The able acrobats sashay across the stage with quaint placards to mark Pippin's various stages in his quest for self-fulfillment — his forays into politics, warfare, creativity, and domesticity — so the vaudeville aspect of Schwartz's original vision isn't altogether discarded. Set design by Scott Pask and costumes by Dominique Lemieux turn the circus ambiance of Pippin into a dream big top. At the end, when Pippin runs out of ambitions and quests, you'll be glad to see that the dream lives on.

In their first stab at a musical, Citizens of the Universe discovered a cruel truth on opening night of The Rocky Horror Show at 100 Gardens on 36th Street. They need better equipment — and maybe better singers. At an opening night that sounded more like a tentative tech rehearsal, body mics buzzed, blared, or only worked intermittently. In his local debut as Rocky, for example, Zeke Jones was rarely heard above the pre-recorded accompaniment.

As the innocent couple that walk into a spooky household of sexually rapacious aliens, Bryan Green and Becca Whitesmith have a certain awkward charm as Brad and Janet. But previous Janets that I've heard had the ability to carry a tune. Whitesmith may be as tone-deaf as she sounded on Wednesday, or she may just have been finding it difficult to hear and sing with the canned accompaniment.

Costumes by Darcy Russell, choreography by Shannon Wightman-Girard, and makeup — plenty of it — by Mandy Kendall all bring plenty of fun to the evening. Fen Temple was a sight to behold, greeting the betrothed couple as Riff-Raff and sustaining a fine creepiness in the face of frequent sound dropouts. More fortunate in her miking was Kitty Beard, looking even more outré as the evil genius-dominatrix of the aliens, Frank 'N' Furter, who creates Rocky and sexually initiates both the lovebirds.
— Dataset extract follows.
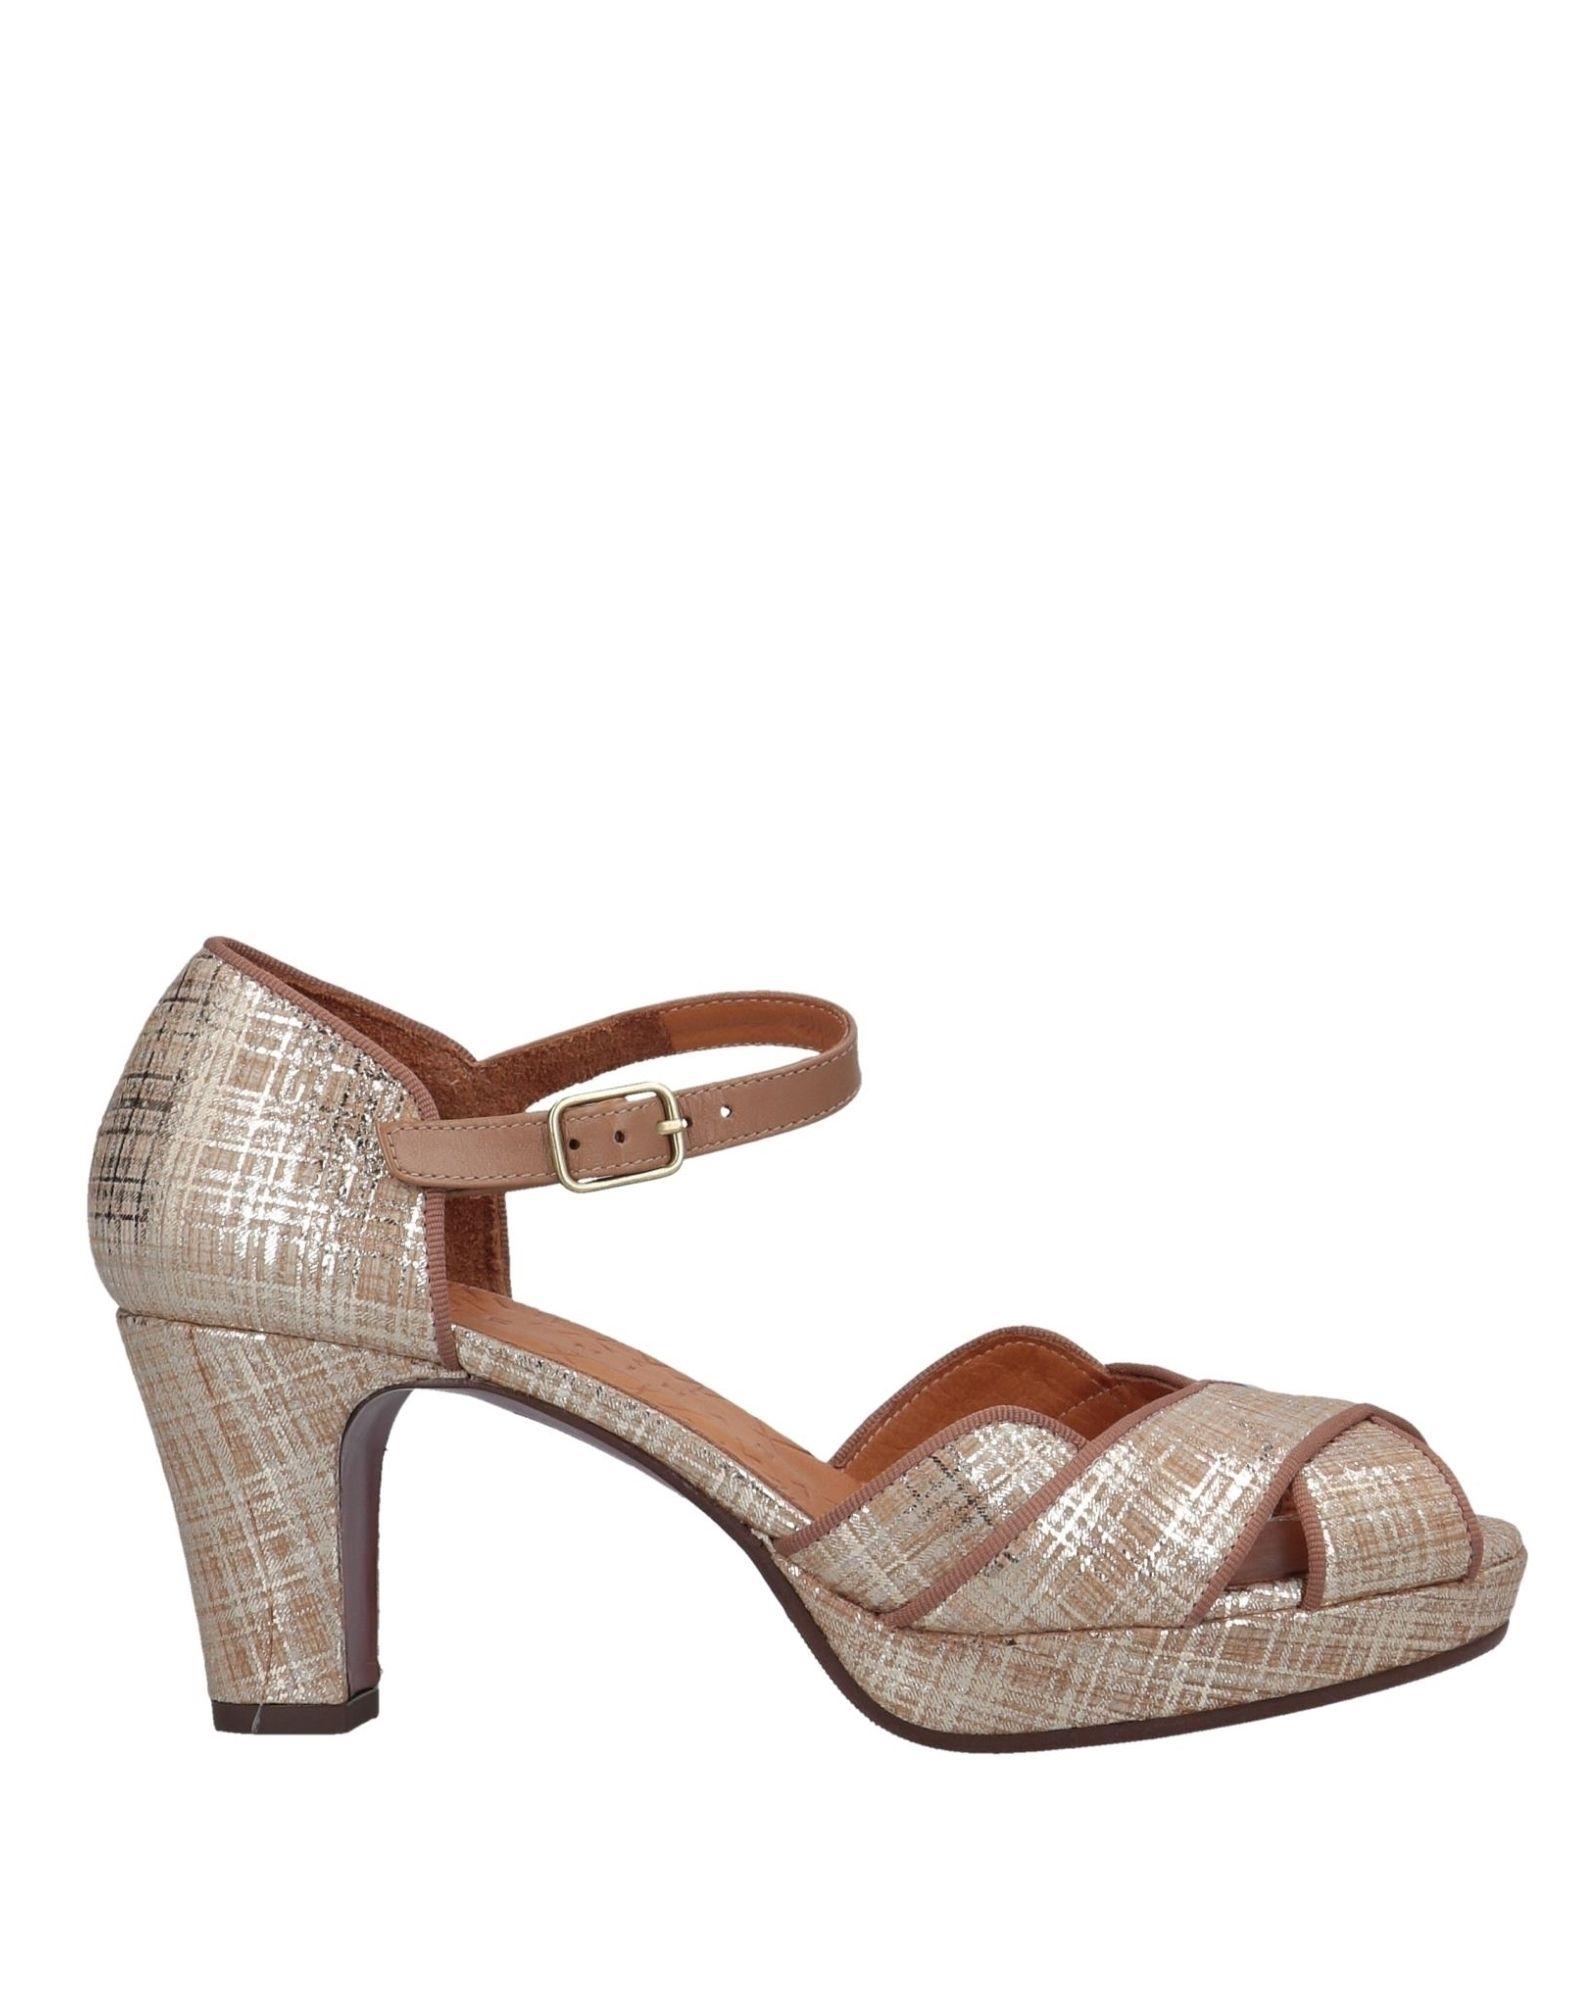 Chie Mihara Sandalen Sandalen Mihara Damen Gutes Preis-Leistungs-Verhältnis, es lohnt sich c1ddbb

Beard powered through the dropouts and left no doubt how striking Frank will be when technical difficulties are overcome.

As the wheelchair-bound Doctor Scott, James Cartee left nothing to chance, disdaining a microphone and bellowing the Doc's Germanic accent at fairly high decibels. There will be plenty to admire in Rose Avalon's stage direction if this Rocky ever achieves reasonable audibility. The silhouetted deflowering scenes work pretty successfully with Temple's set design, a reminder that lighting equipment isn't as temperamental as audio.

If COTU manages to solve their audio woes, perhaps they'll begin to draw more fervid, dedicated, and orthodox Rocky crowds. Little baggies are handed out as you enter, filled with the cards, newspaper, noisemakers, and oversized eyeglass frames that devotees might expect. Most of the folks at 100 Gardens on Wednesday night had little more idea what to do with these things than I did.